In the second half of their term, members would have legislative power, perhaps divided into ten departments with one hundred members each. Each department would deliberate on issues within its purview (in a similar manner to the Citizens’ Assemblies), before submitting legislative proposals to be voted on by the entire body to become law.

To perform well, a People’s House would require a carefully managed infrastructure of resources and support, including skilled facilitators and a number of administrators to support the needs of the deliberators. Such administration would need to be neutral on all ideological and policy questions, concerning itself entirely with the practical matters of deliberation (for example, procuring experts from a wide variety of perspectives). There would also need to be ways for members to remove anyone who is manifestly incompetent, disrespectful, or disruptive, as well as strict rules preventing corruption or bribery.

Actually, let’s keep elections with their “accountability” and that other democratic value, “political competency”, around. Don’t we all love diversity?

Legislature by lot is not a democratic panacea. Such a body would clearly perform poorly in terms of accountability – without elections, regular people would have no formal means to express their political preferences and “throw the scoundrels out.” In addition, there’s the lingering doubts one might have about political competency. Can regular people really make complicated political decisions?
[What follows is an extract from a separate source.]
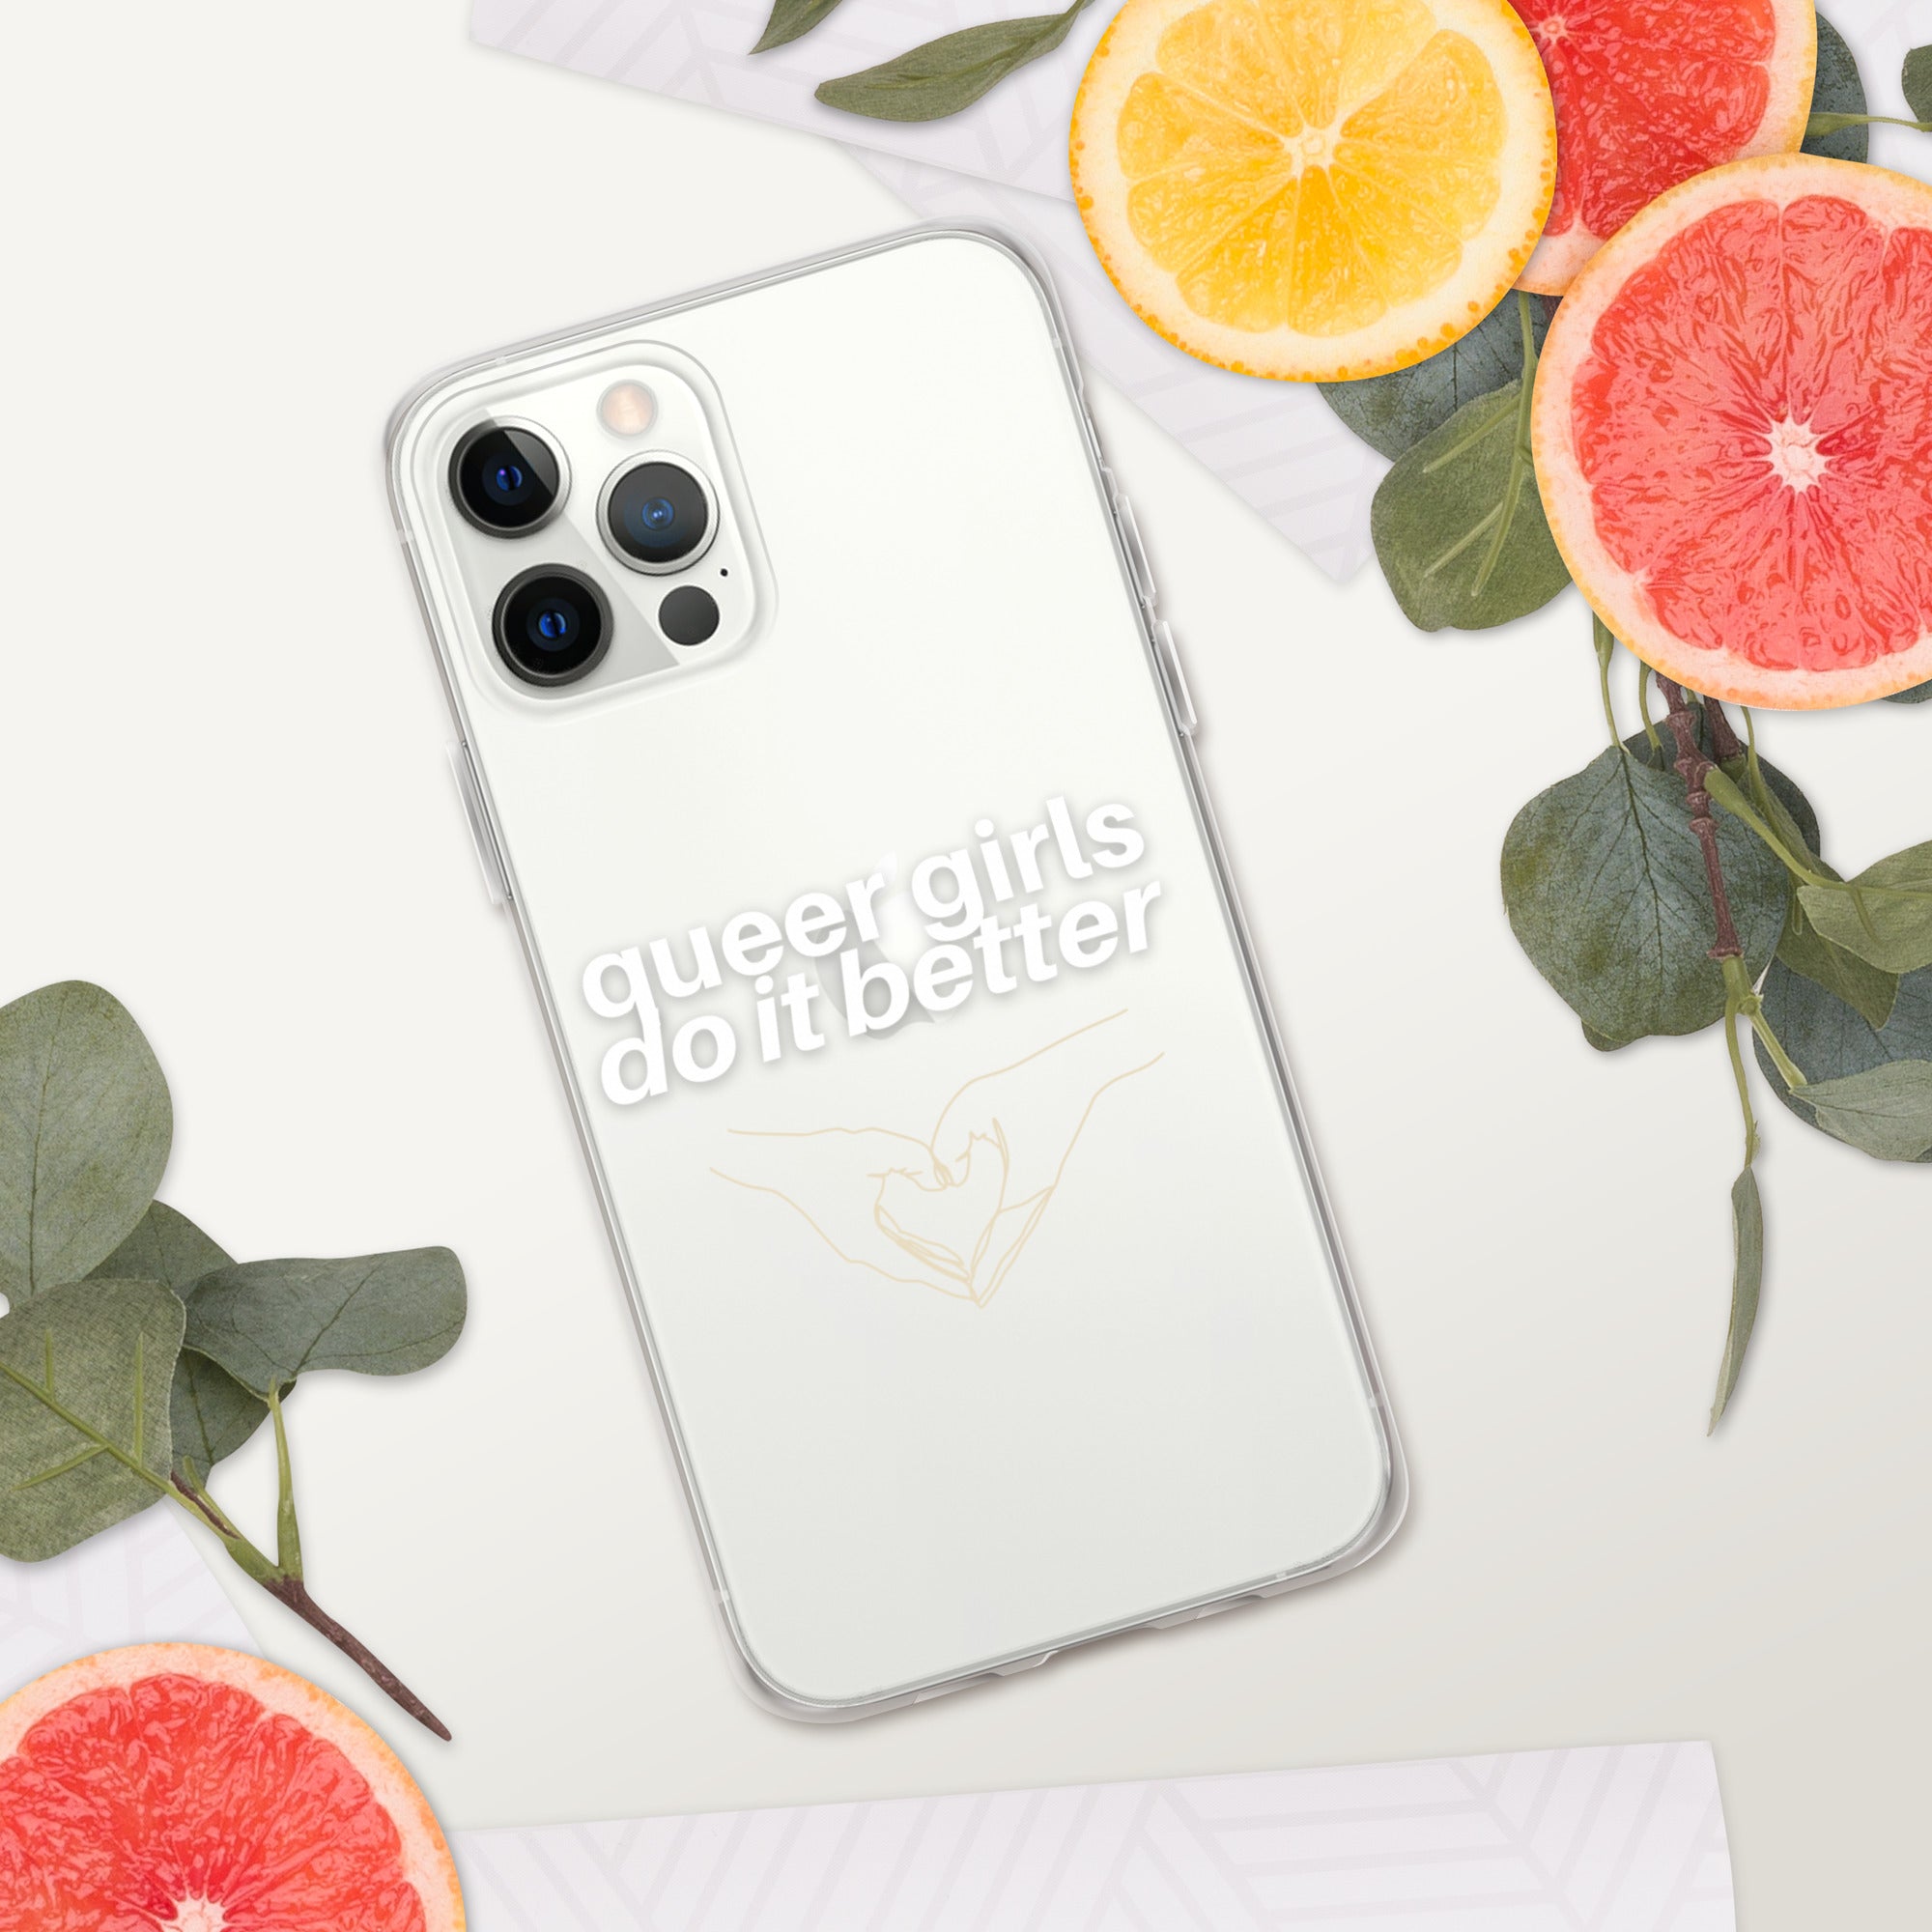 Queer Girls Do It Better Clear Case for iPhone®

I suspect that many of the difficulties of competency could be resolved through good institutional design (including training, educational supports, and ways to weed out the truly unfit). Nevertheless, competency is another democratic value that we might think is ultimately served better through elections.

What this suggests is that we cannot realize all of our democratic values — equality, deliberation, accountability, competency — through any one particular mechanism. Elections and lotteries each have their respective strengths and weaknesses. But the fact that their strengths and weaknesses are so complementary implies an ideal solution: combine them.

3 Responses

  1. By the way, the publication of this essay is an indication of the progress sortition has made over the last few years. In 2013 I submitted to Jacobin a piece about sortition. I never got a reply.


  2. Random Sample Voting integrates elections and sortition and could play a variety of roles in the kind of innovation described above, from deciding on the rules that govern its operation (e.g., choosing criteria for people to be added to the pool from which legislators would be randomly selected, which could address the “qualifications” issue democratically) to selecting 25% of the lot-selected legislators to be replaced each year from the people’s legislature (thus weeding out the most out-of-touch or corrupt(ed) legislators, while allowing the most popular and ethical of them to continue to serve) who would then be replaced by lot. And that barely scratches the surface of possible uses of RSV (and we should note that any Random Sample Voting Proposal is RSVP!!) :-)


  3. Damn! Between simultaneous efforts at proportional representation reform in Canada and a surprising Jacobin magazine on demarchy, I’ve got to post an Equality By Lot blog on my thoughts on random balloting!